Pour Stephano, ces regards qui ne sont pas journalistiques sont indispensables pour témoigner. On est habitué à voir raconter les choses en temps réel, par la télévision et internet, bref, par le système de communication. Les faits sont donc métabolisés, digérés au quotidien et ils perdent leur sens, si quelqu’un ne les saisit pas de façon différente (...). L’espace d’une révolution n’arrive pas être saisi par le cadre d’une télévision. Pour écrire l’Histoire, on agence des faits. Et c’est ce même agencement des faits qu’il faut pour faire un film. La superposition de ces deux processus de mise en récit, celui de l’histoire du film et celui de la grande Histoire, n’est pas évidente, pas automatique. Pour le réalisateur italien, il importe de restituer la dimension subjective et fragmentaire de l’événement. Je pense souvent à Fabrice dans la Chartreuse de Parme de Balzac, lorsqu’il est dans la bataille de Waterloo. On passe dans un événement énorme et on n’en a jamais qu’une vision subjective, un peu fantasmatique. On ne sait pas si c’est Napoléon qui est passé sur son cheval, ou bien si c’est quelqu’un d’autre. Il y a des héros qui ne sont pas des héros, des gens qui se trouvent là, comme cela, comme Fabrice à Waterloo. J’y pense toujours lorsque je suis en train de filmer des gens, dans une situation comme celle-ci et dans cet état-là.

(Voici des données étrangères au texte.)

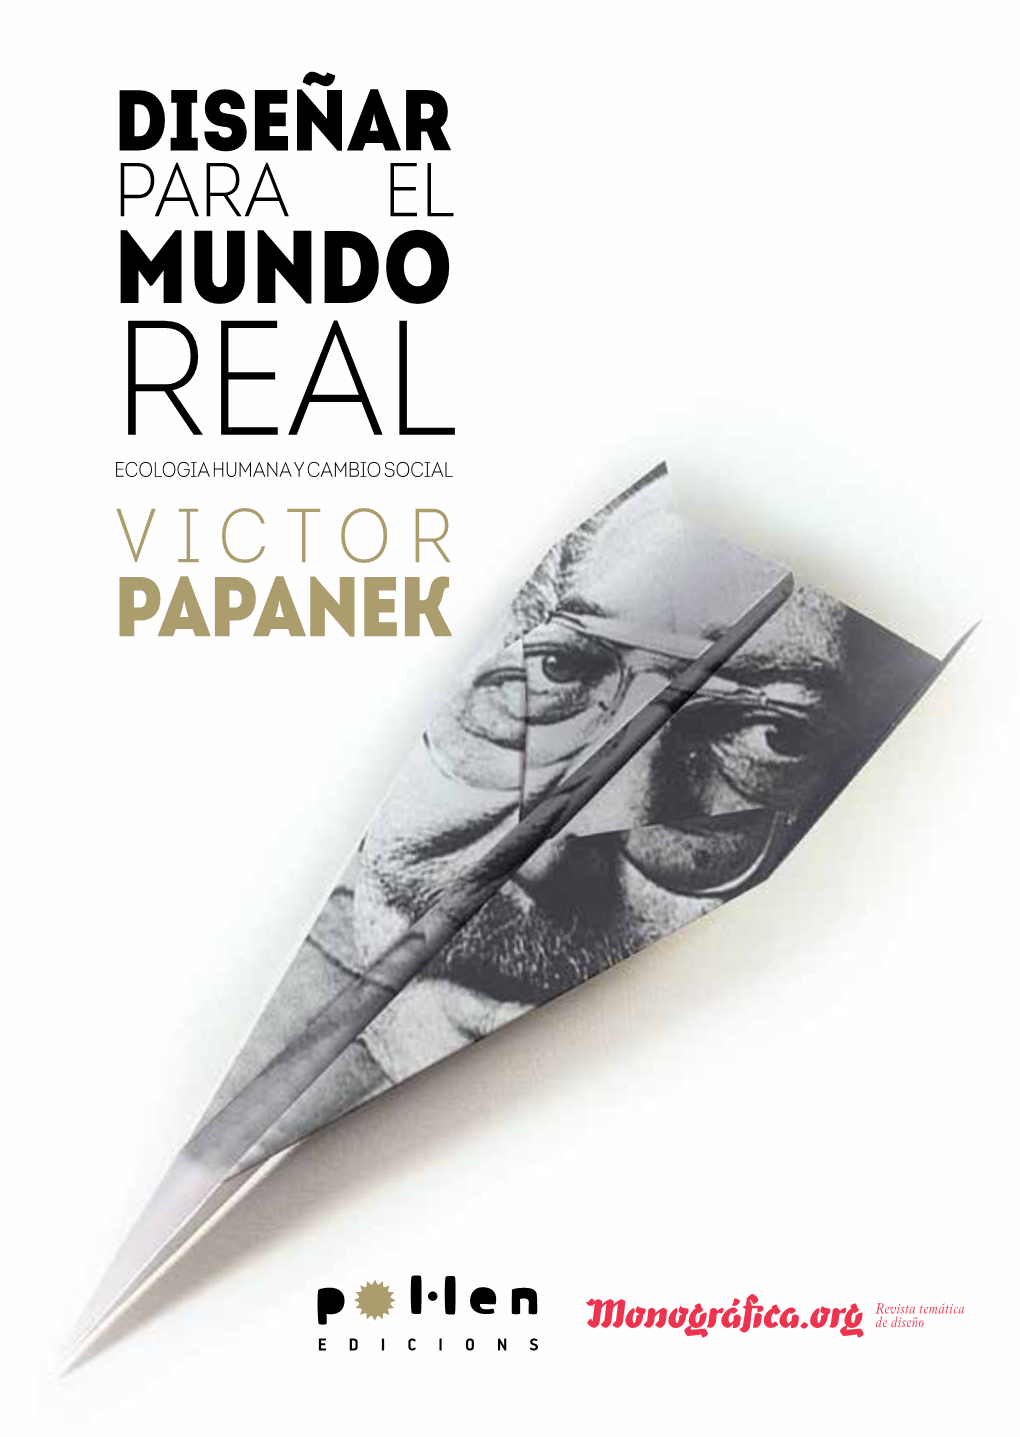 Papanek, "Diseñar Para El Mundo Real"

Afrique noire : ça va "un peu même"

Tandis que le Maghreb est traversé par la vague révolutionnaire, à l’heure où M.Kadhafi a lui aussi disparu (...), que se passe-t-il en Afrique noire ? Le contraste est saisissant. Rien pour le moment sur la Côte d’Ivoire. Mais un petit film, modeste mais jouant bien sur la persistance rétinienne, fait subtilement état de l’absence de processus démocratique dans un pays que la France aime bien, le Burkina Faso, où Blaise Compaoré occupe le fauteuil depuis déjà 1987 !


Savoir raison garder

Voilà donc qu’une jeune cinéaste à l’oeil voltairien nous présente avec humour le malheureux processus électoral qui se déroule tranquillement dans son pays en 2010. C’est Mamounata Nikiema, avec son film Savoir raison garder. Visages léthargiques et peu convaincus, langues de bois, procédures alambiquées et fastidieuses, caricatures de politiciens véreux ou narcissiques, de fonctionnaires mollassons, de jeunes peu formés à la politique. Rien n’échappe au regard sarcastique de la jeune réalisatrice, dont le coproducteur français, Dominique Goring (Des Vies des Hauts) explique qu’elle fit partie de la commission électorale (la CNI), dans le passé. La dénonciation est subtile mais assumée. Après ce film qui conte la démocratie pour/par ceux qui n’y croient pas ou qui n’y ont pas droit, et qui semble vraiment ici un "truc de blancs" inutilement complexe, avec les cartes d’électeurs imprimées par paquets mais que l’on ne parvient pas à recenser ou que l’on se demande selon quels critères attribuer : il y a des dizaines d’Adama Traoré au nord du Burkina, comment éviter la fraude ?! Et si la carte d’électeur n’est pas complète que fait-on ?... Et ce monsieur qui porte un nom de femme sur sa carte d’électeur ?... Théatre de l’absurde et leçon de science politique : le film est un véritable manuel de l’apprentissage des rouages de la démocratie.
Et puis, il n’y a pas de campagne électorale et la réalisatrice se contente de livrer les résultats des élections : Blaise Compaoré : 80%. Le Fespaco passera-t-il ce documentaire d’une compatriote ? Une élection présidentielle comme un non-événement, mais dont le film laisse deviner le muselage de la société civile.